The shift is already gaining momentum: recent data suggests over 50% of active Google users in the UK have already registered a passkey.
How Passkeys Work: The “Secret” That Isn’t Shared
Unlike a password, which is a “shared secret” stored on a company’s server (and therefore stealable), a passkey uses public-key cryptography.
- The Pair: Your device (phone or laptop) generates a unique pair of mathematical keys. One stays locked on your device (the private key), while the other is shared with the website (the public key).
- The Handshake: When you log in, the website sends a “challenge.” Your device signs it using your biometric (Face ID, Touch ID) or PIN and sends it back.
- The Result: The website verifies the signature.
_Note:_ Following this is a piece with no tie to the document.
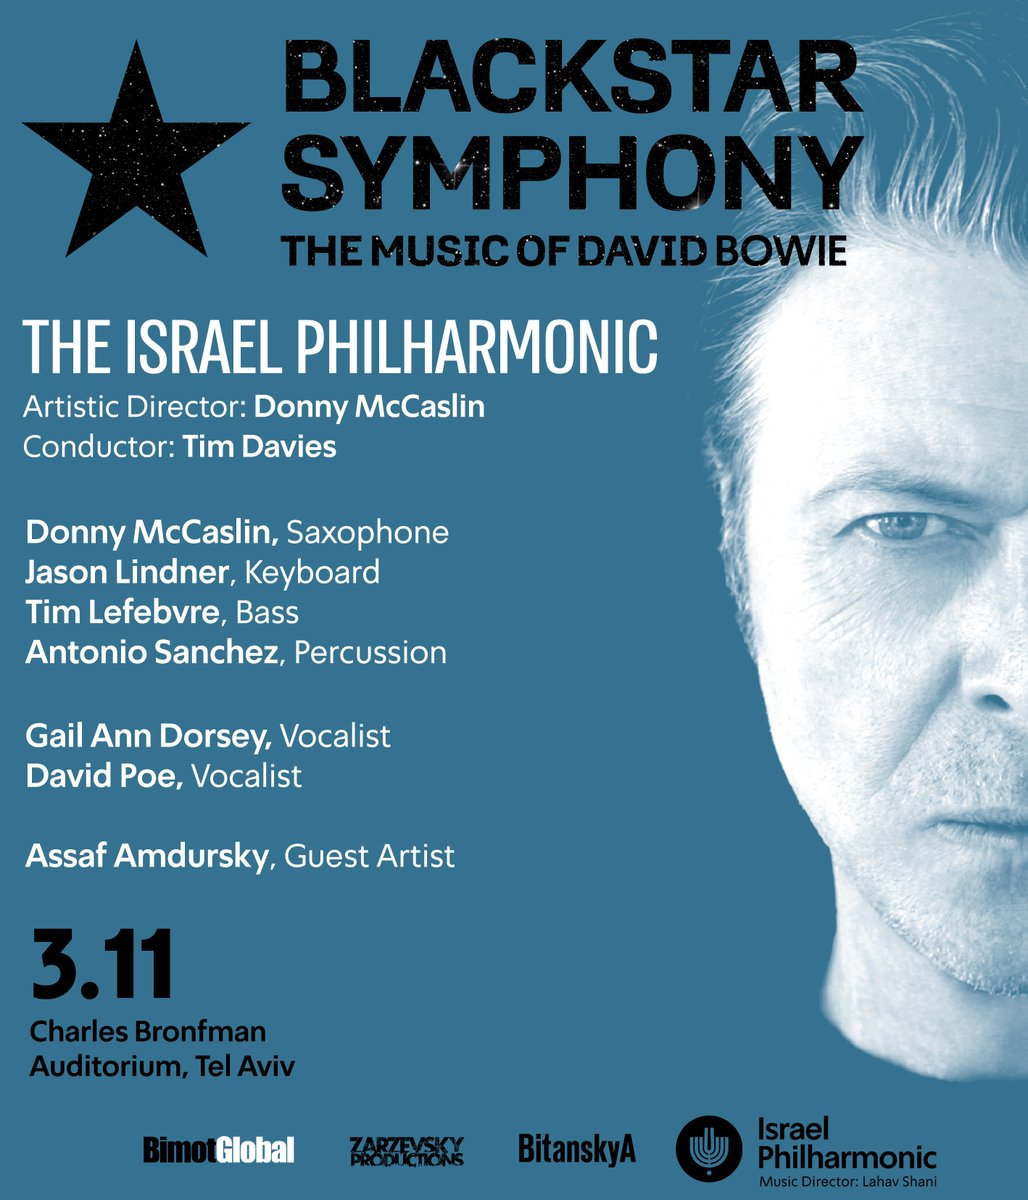 I’m thrilled to collaborate with @Israel_Phil on Blackstar Symphony. I’ll be performing in a quartet with @flymyspcshp, Tim Lefebvre, and @AntonioDrumsX along with vocalists @Gail_Ann_Dorsey, @DavidPoeMusic, and special guest Assaf Amdursky.

Because the actual “private key” never leaves your phone, there is nothing for a hacker to intercept.
The Death of Phishing
Perhaps the biggest advantage of passkeys is their immunity to phishing. While a hacker can trick you into typing a password into a fake website, they cannot trick a passkey. The digital handshake only works on the legitimate, registered domain. If you are on a fraudulent site, your device simply won’t offer the option to sign in.
Is It a “Silver Bullet”?
While security experts at BCS, the Chartered Institute for IT, have praised the move, they warn that passkeys are not a flawless solution.
- Lost Devices: If you lose your phone and haven’t synced your passkeys to a cloud service (like iCloud or Google Password Manager), account recovery can be complex.
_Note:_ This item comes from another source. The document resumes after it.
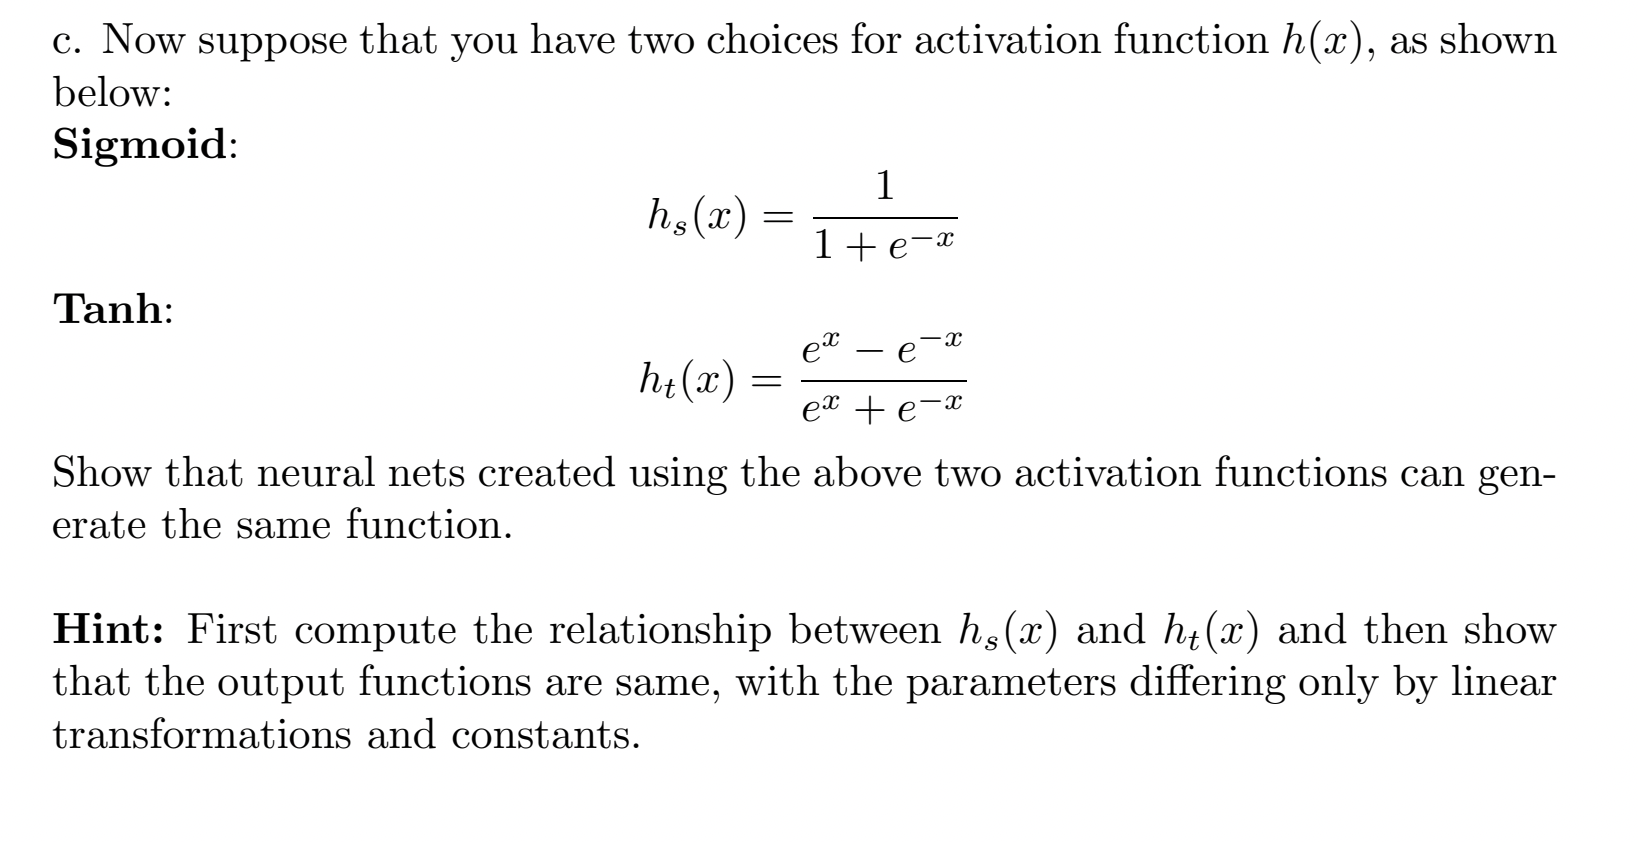 c. Now suppose that you have two choices for activation function h(x), as shown below: Sigmoid: Tanh: hs(x) =

- Patchy Support: While big tech is onboard, many smaller websites still rely on old-fashioned logins.
- Sharing Hurdles: Unlike a Netflix password you might share with a partner, passkeys are tied to specific hardware or encrypted vaults, making “easy sharing” more difficult without specialized tools like 1Password.
For sites that don’t yet support passkeys, the NCSC continues to recommend using a dedicated password manager and enabling two-step verification (MFA). However, the message from the UK’s cyber guardians is clear: if the option for a passkey is there, take it.